§ Extracted data

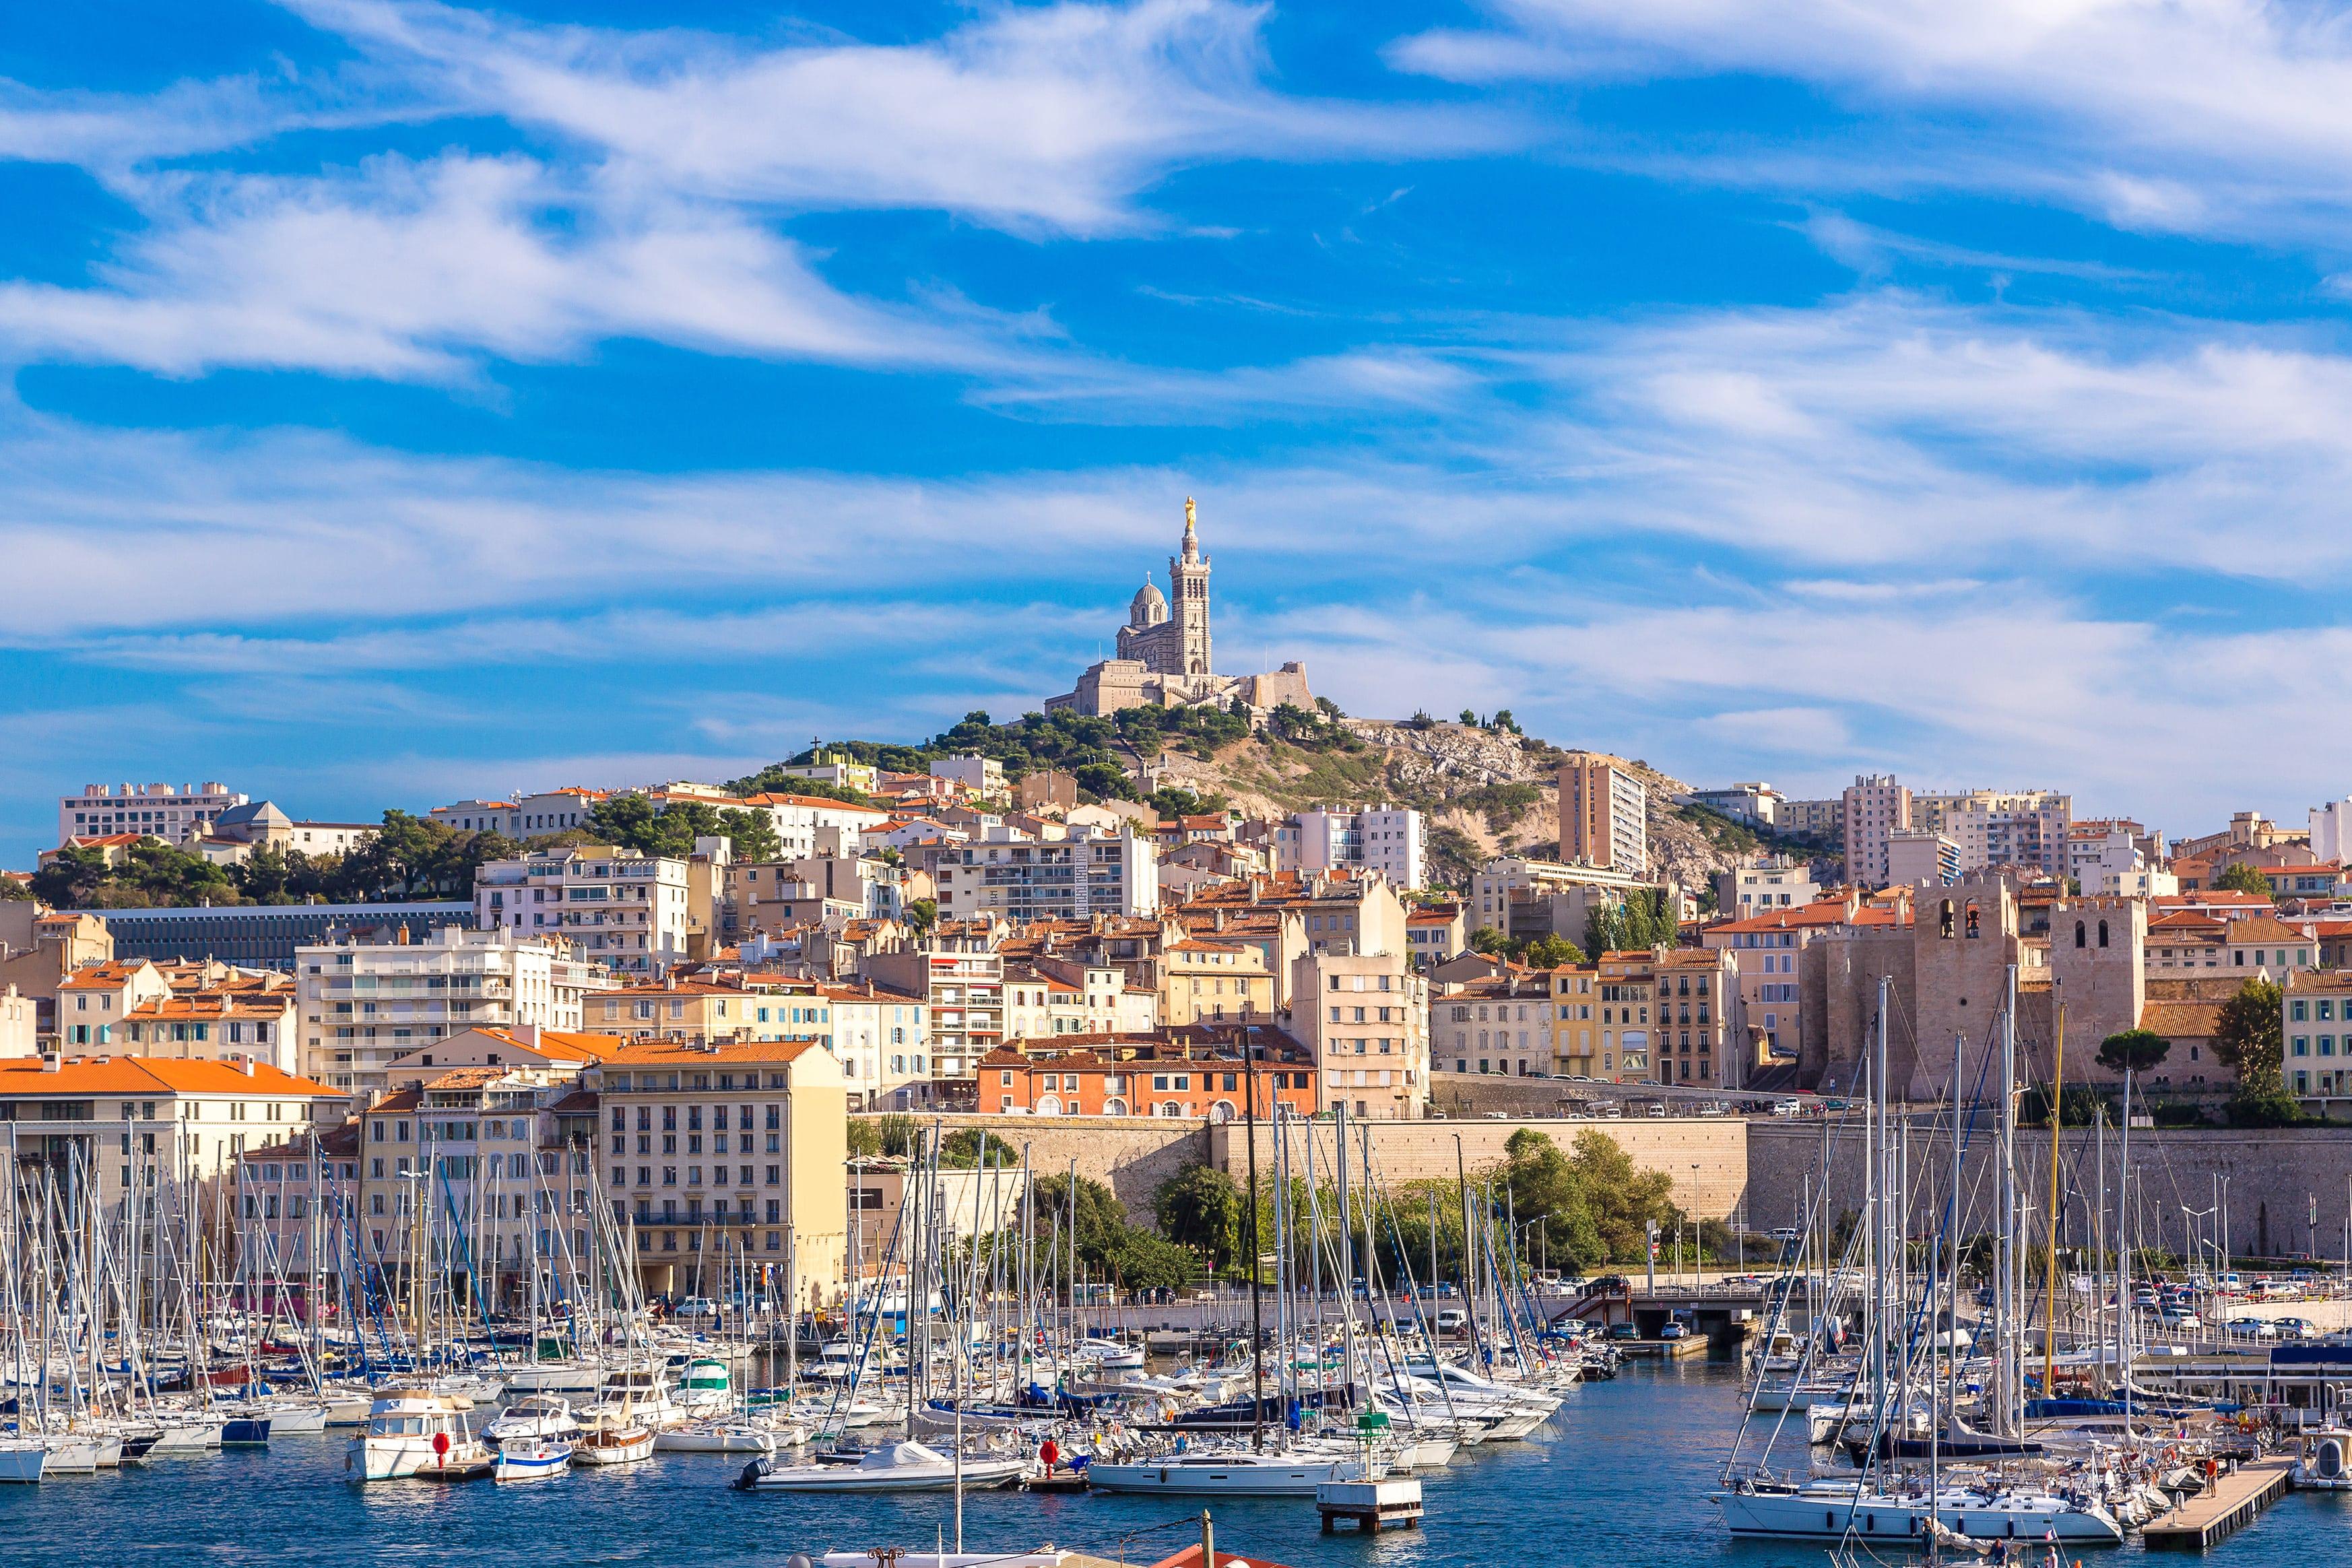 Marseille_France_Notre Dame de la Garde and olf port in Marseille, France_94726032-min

...

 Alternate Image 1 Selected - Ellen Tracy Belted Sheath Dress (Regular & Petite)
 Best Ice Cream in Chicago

* * *

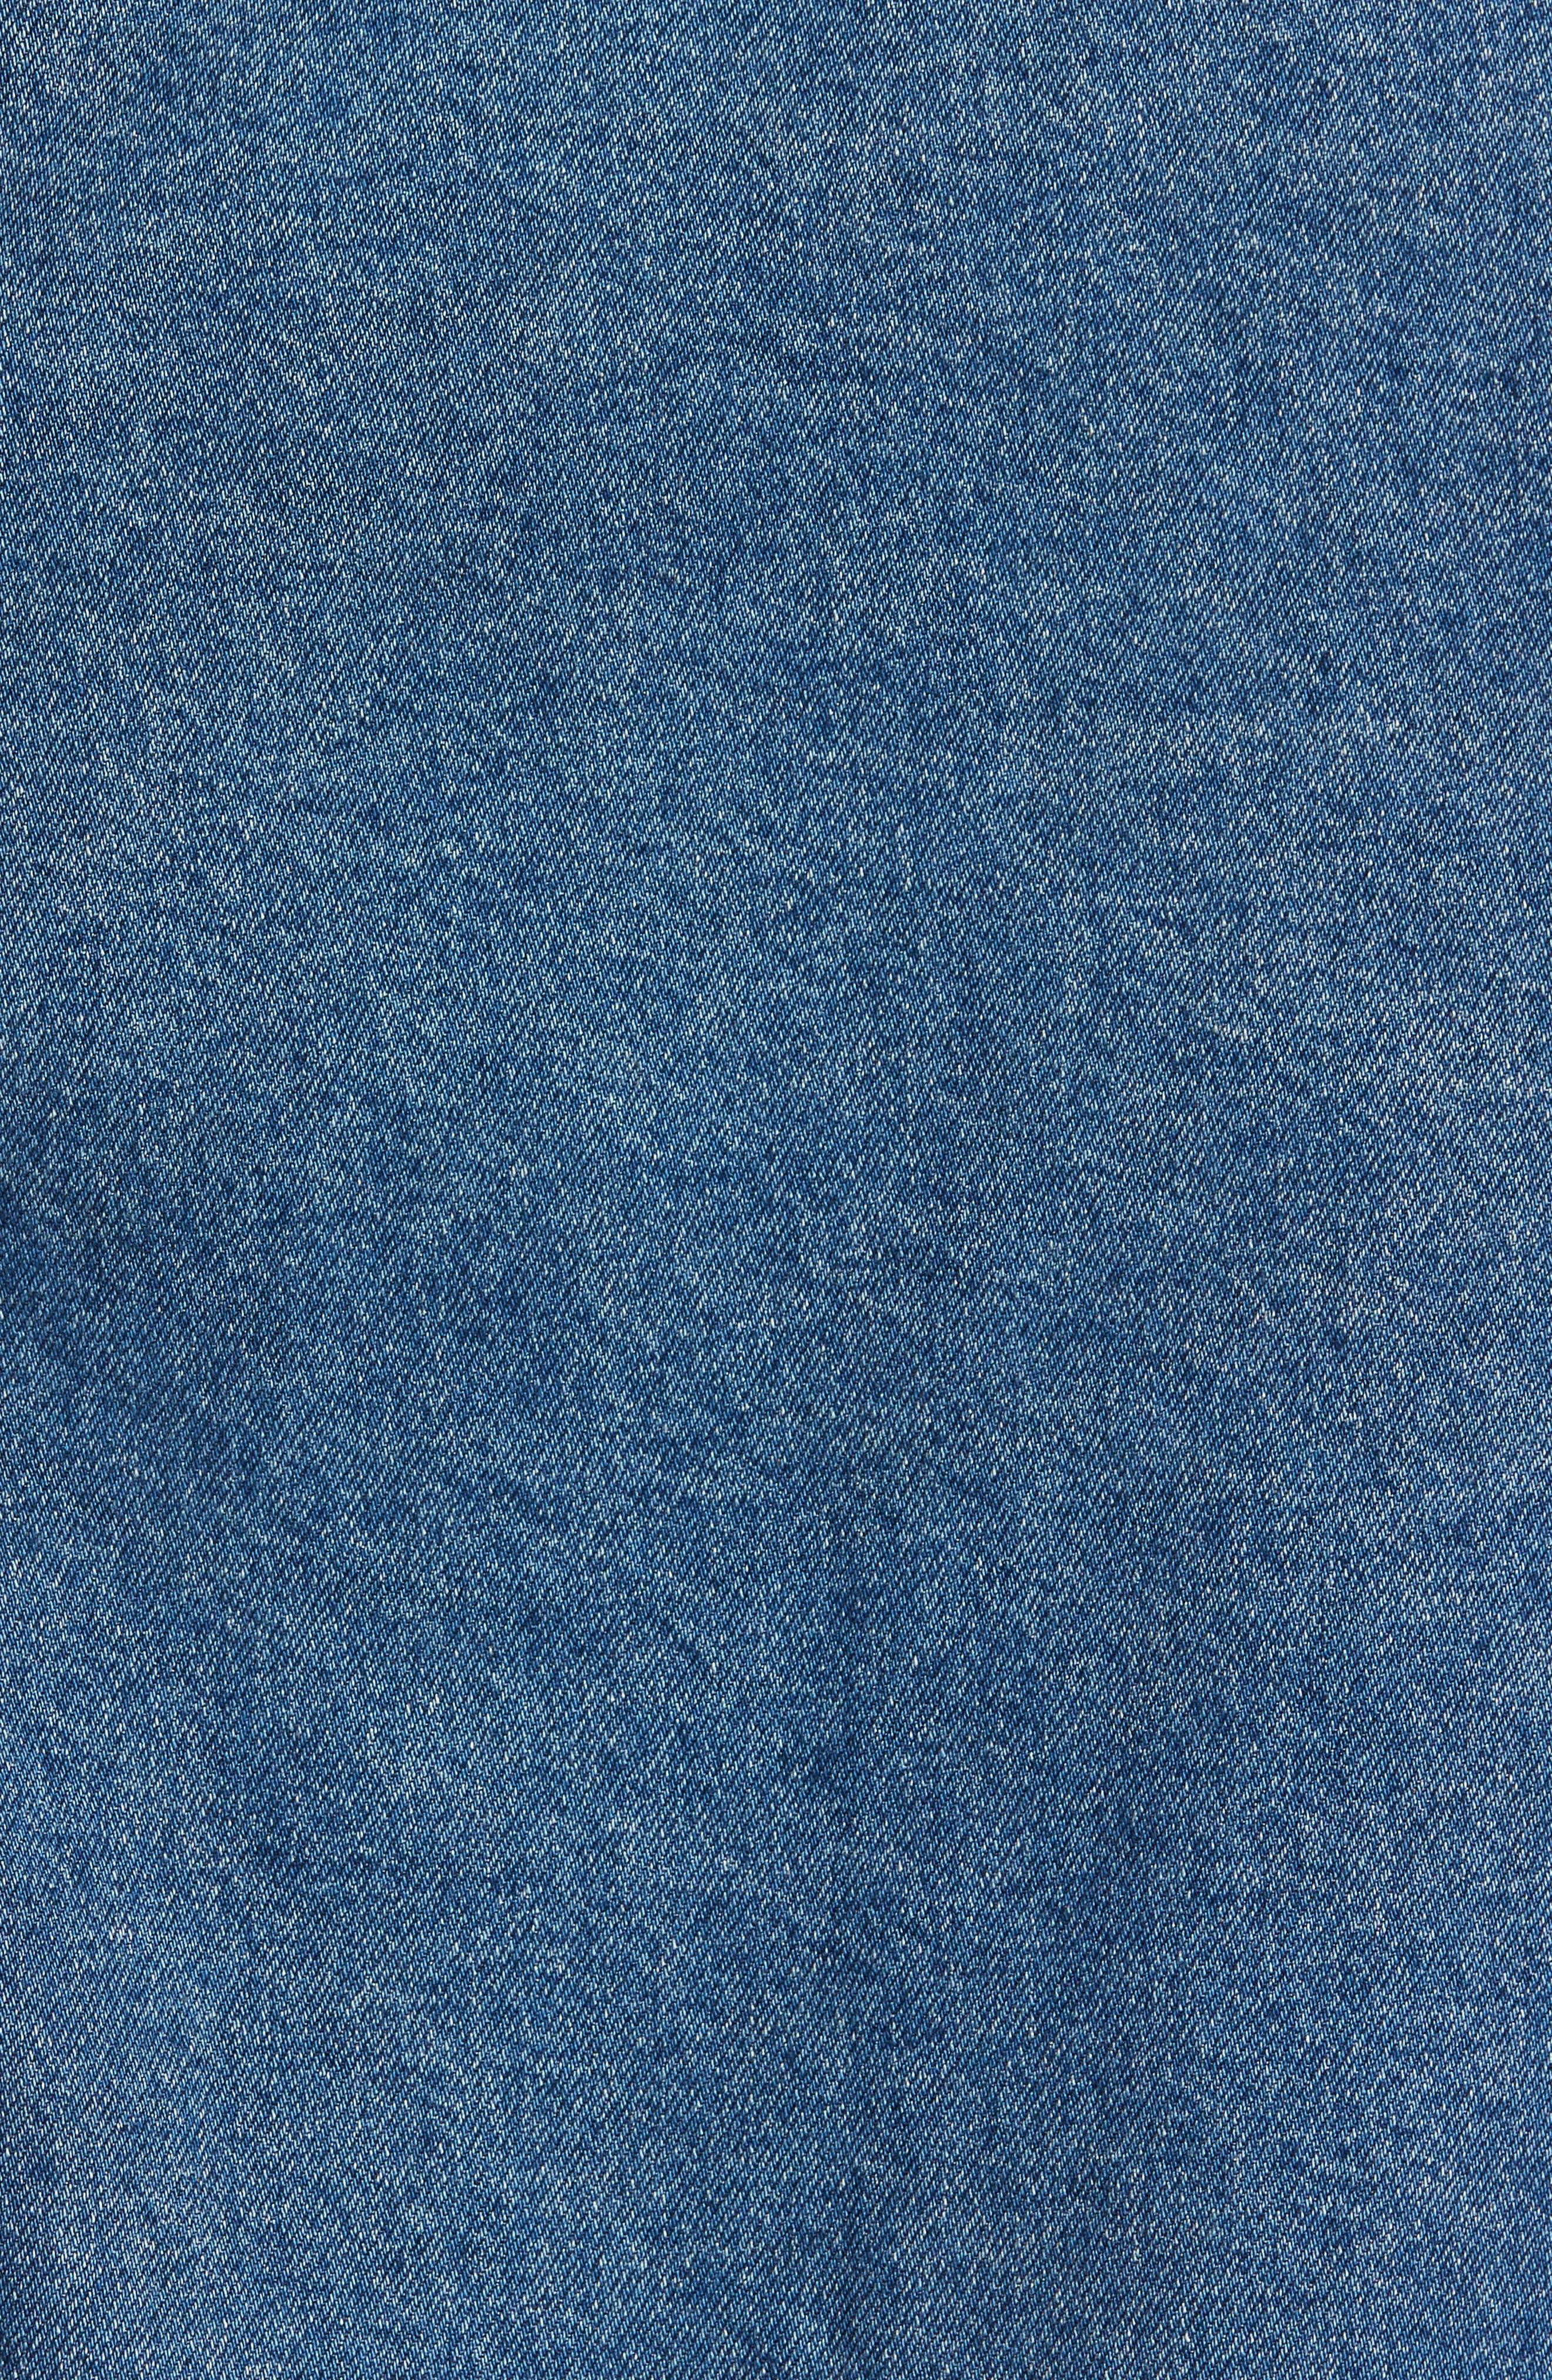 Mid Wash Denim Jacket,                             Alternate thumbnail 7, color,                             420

§ What you have to do
In the listing above, the lines from the one containing "Alternate Image 1" through the one containing "Best Ice Cream in Chicago" must be set down exactly, with no other lines.

§ Result of the exercise
 Alternate Image 1 Selected - Ellen Tracy Belted Sheath Dress (Regular & Petite)
 Best Ice Cream in Chicago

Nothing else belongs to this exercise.